- [EXERCISE DIRECTIONS] This calls for a verbatim copy of all the data, with no images carried over.

- [DATASET EXCERPT]
• • • • • • •
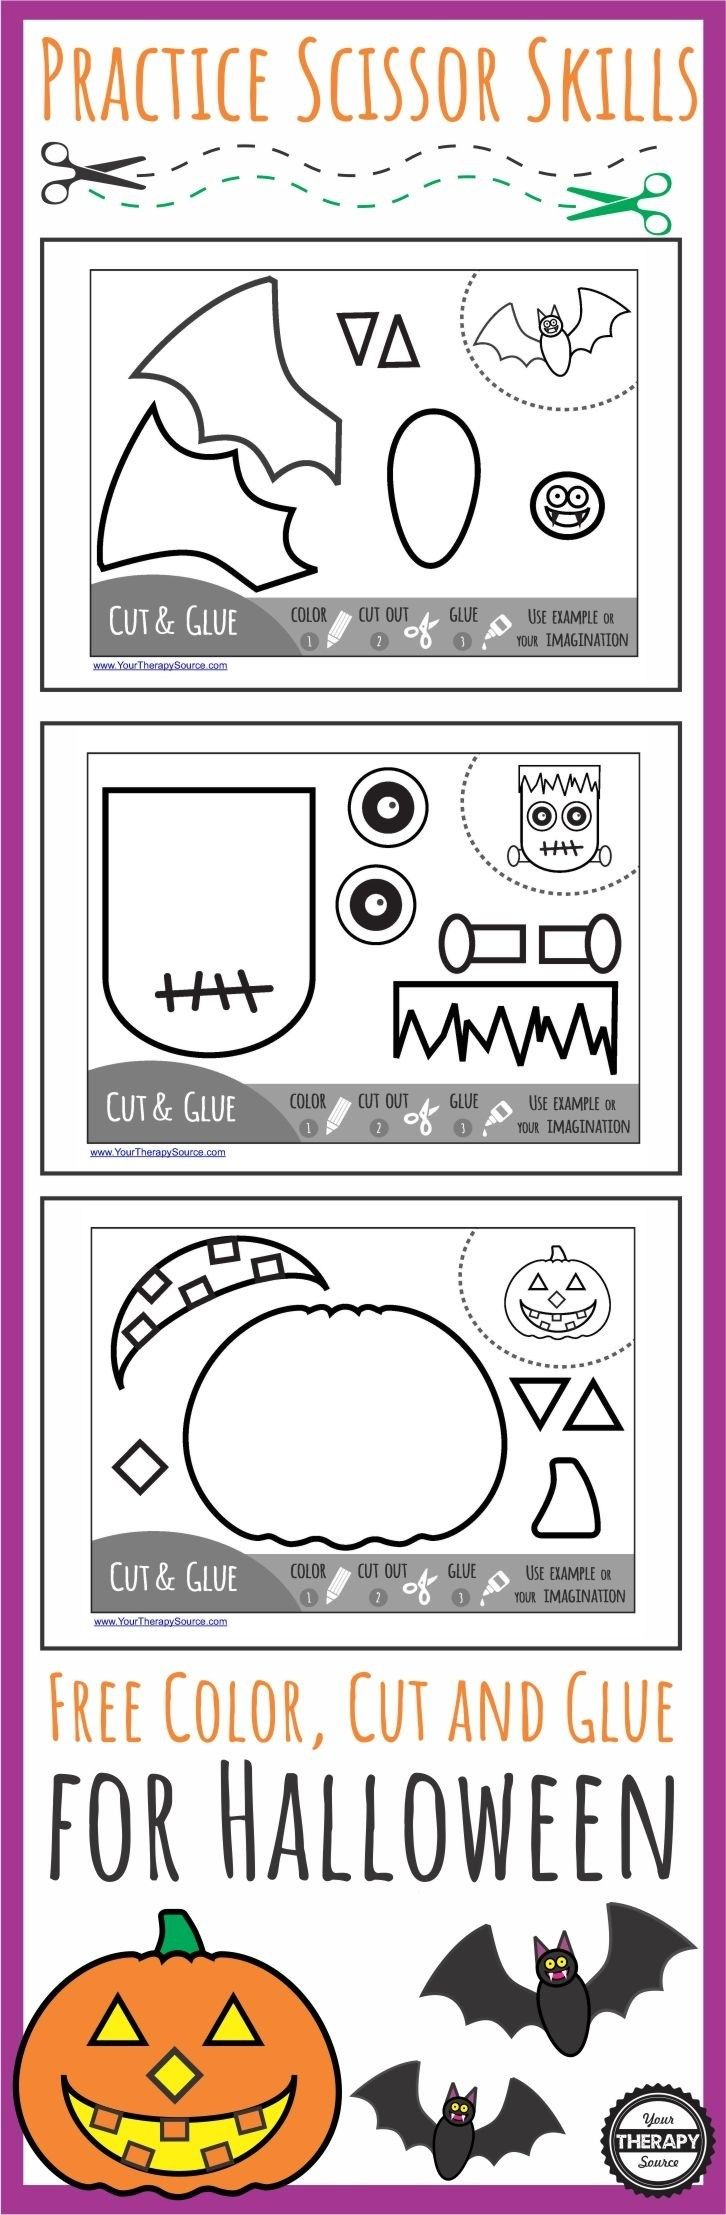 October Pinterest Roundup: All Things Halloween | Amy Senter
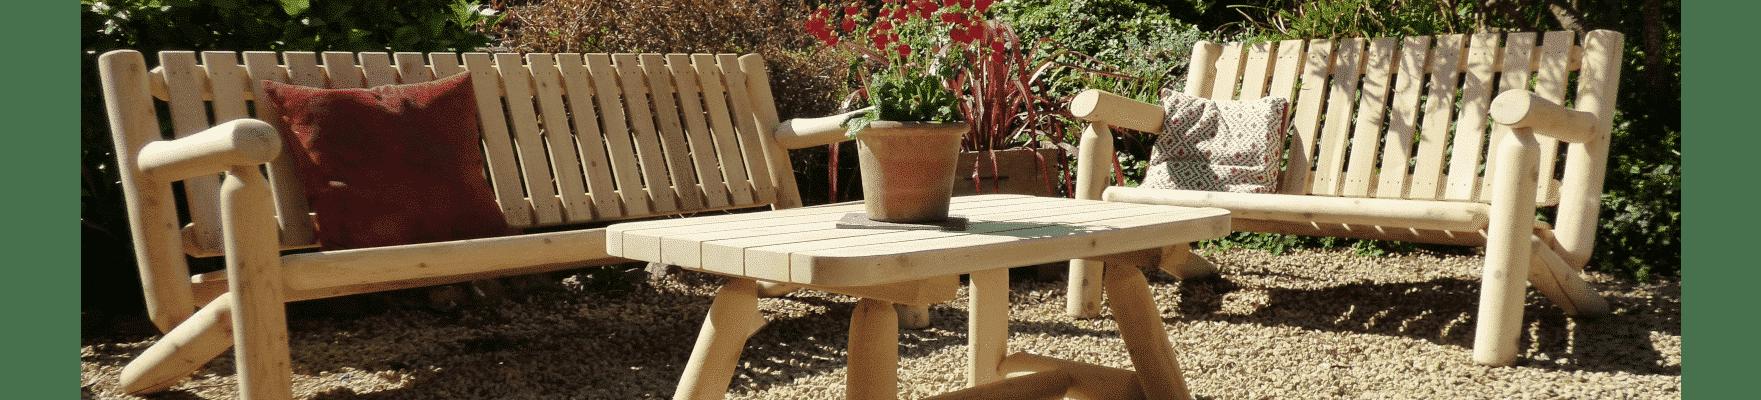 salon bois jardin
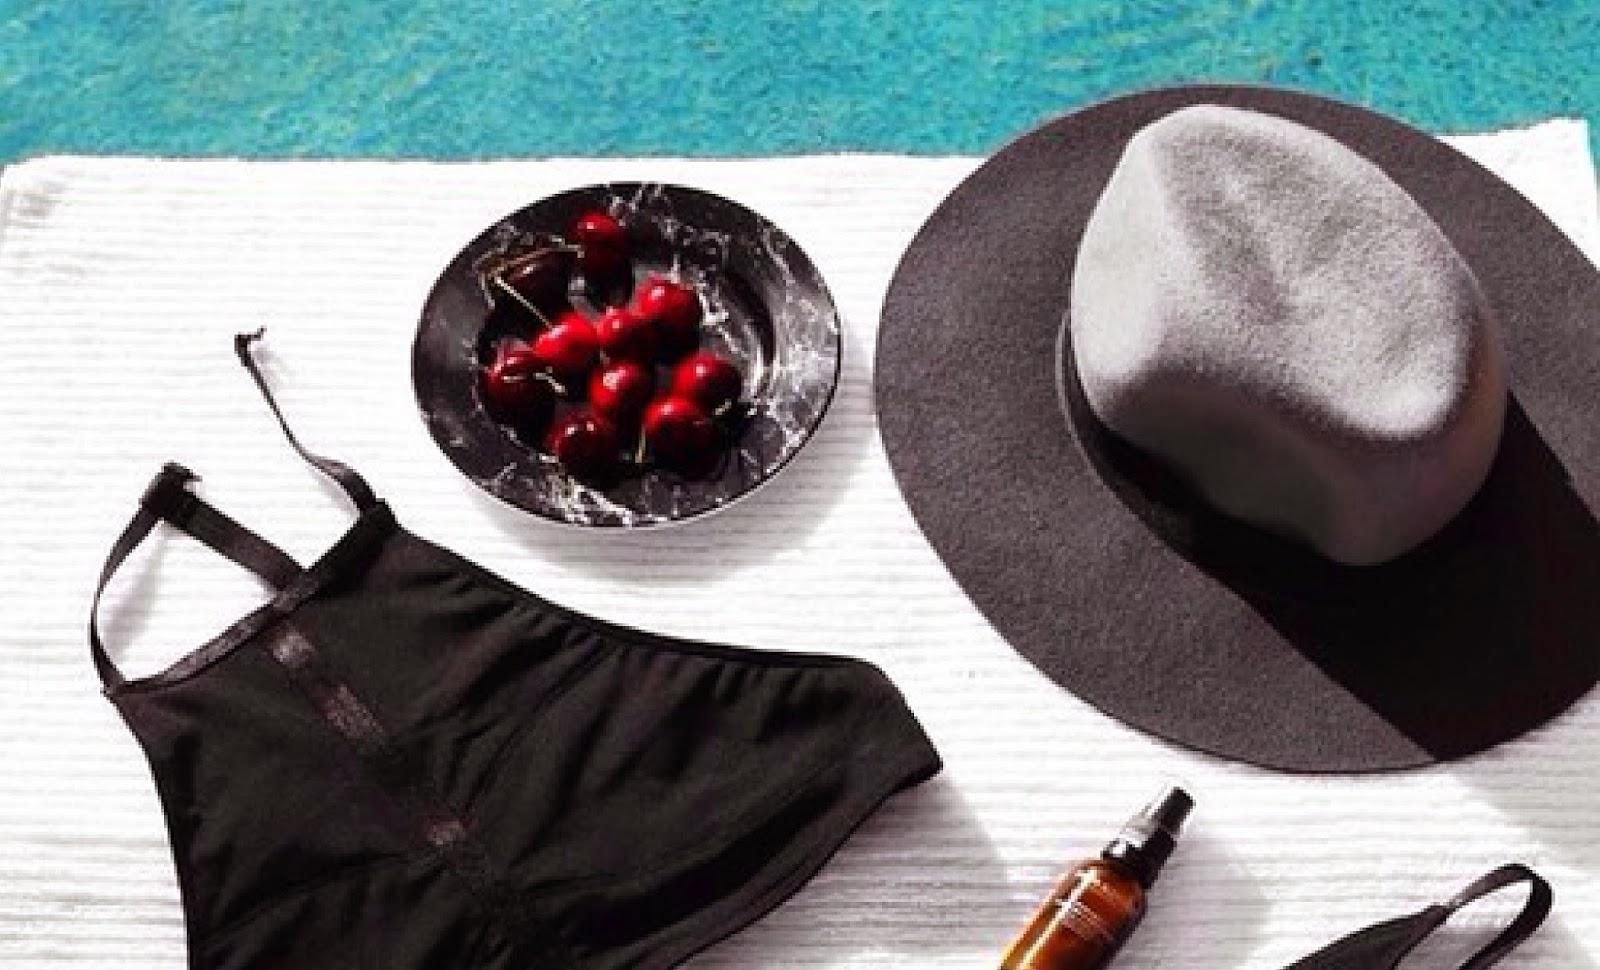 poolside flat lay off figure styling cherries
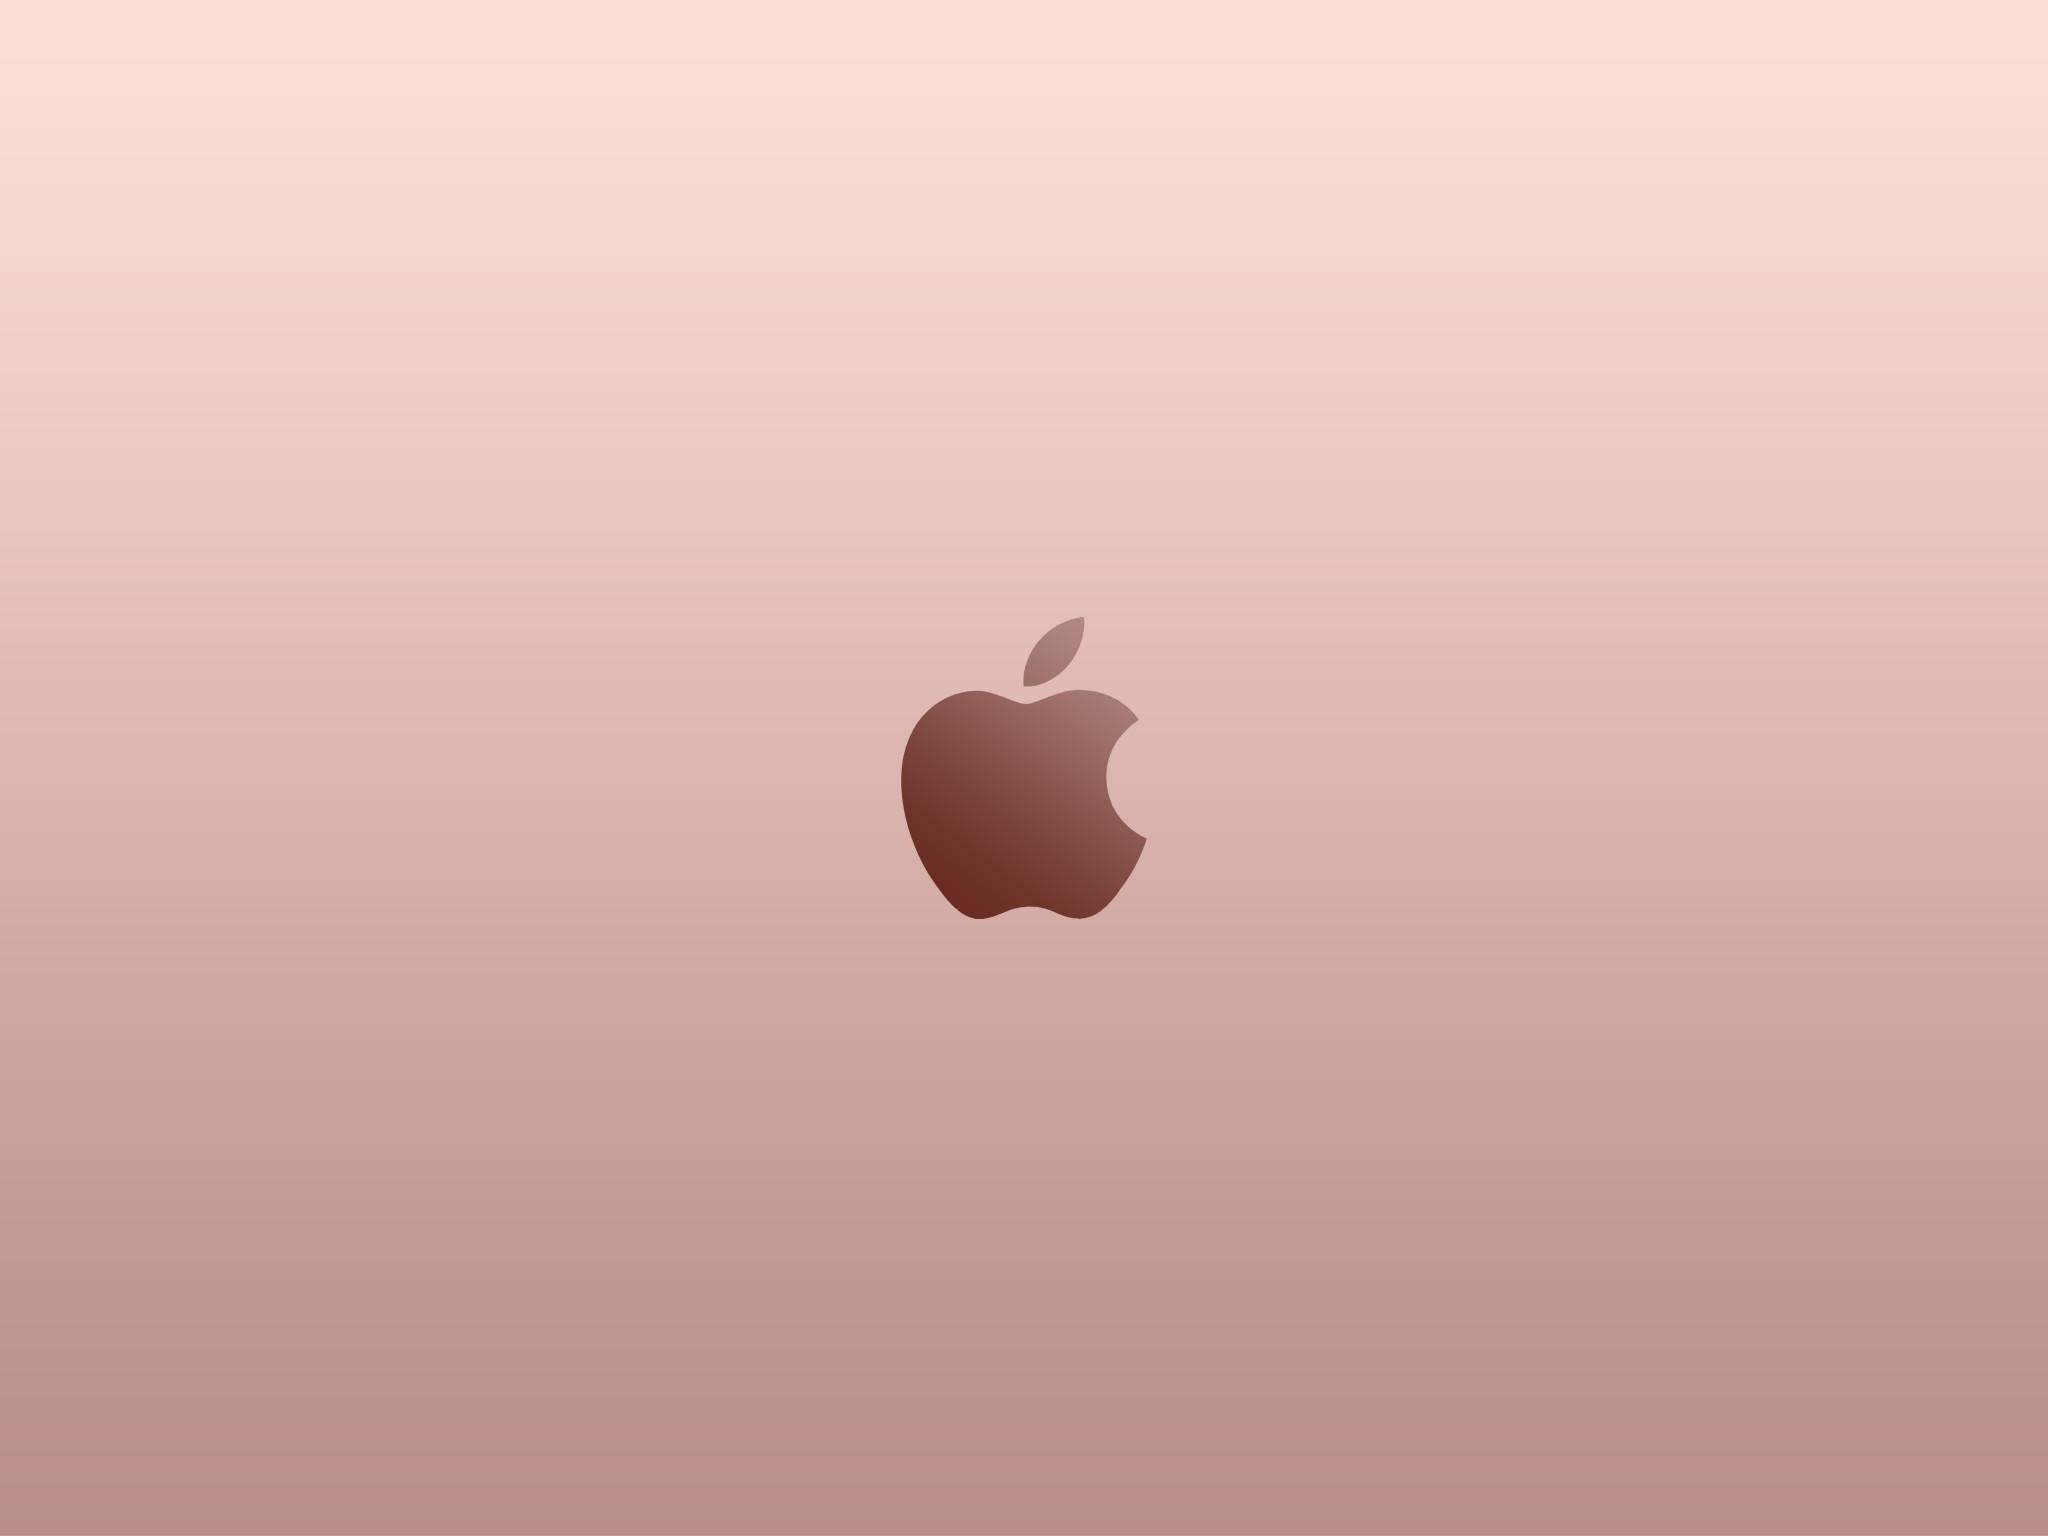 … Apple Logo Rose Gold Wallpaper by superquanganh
• • • • • • •
- [PROBLEM SOLUTION]
 October Pinterest Roundup: All Things Halloween | Amy Senter
 salon bois jardin
 poolside flat lay off figure styling cherries
 … Apple Logo Rose Gold Wallpaper by superquanganh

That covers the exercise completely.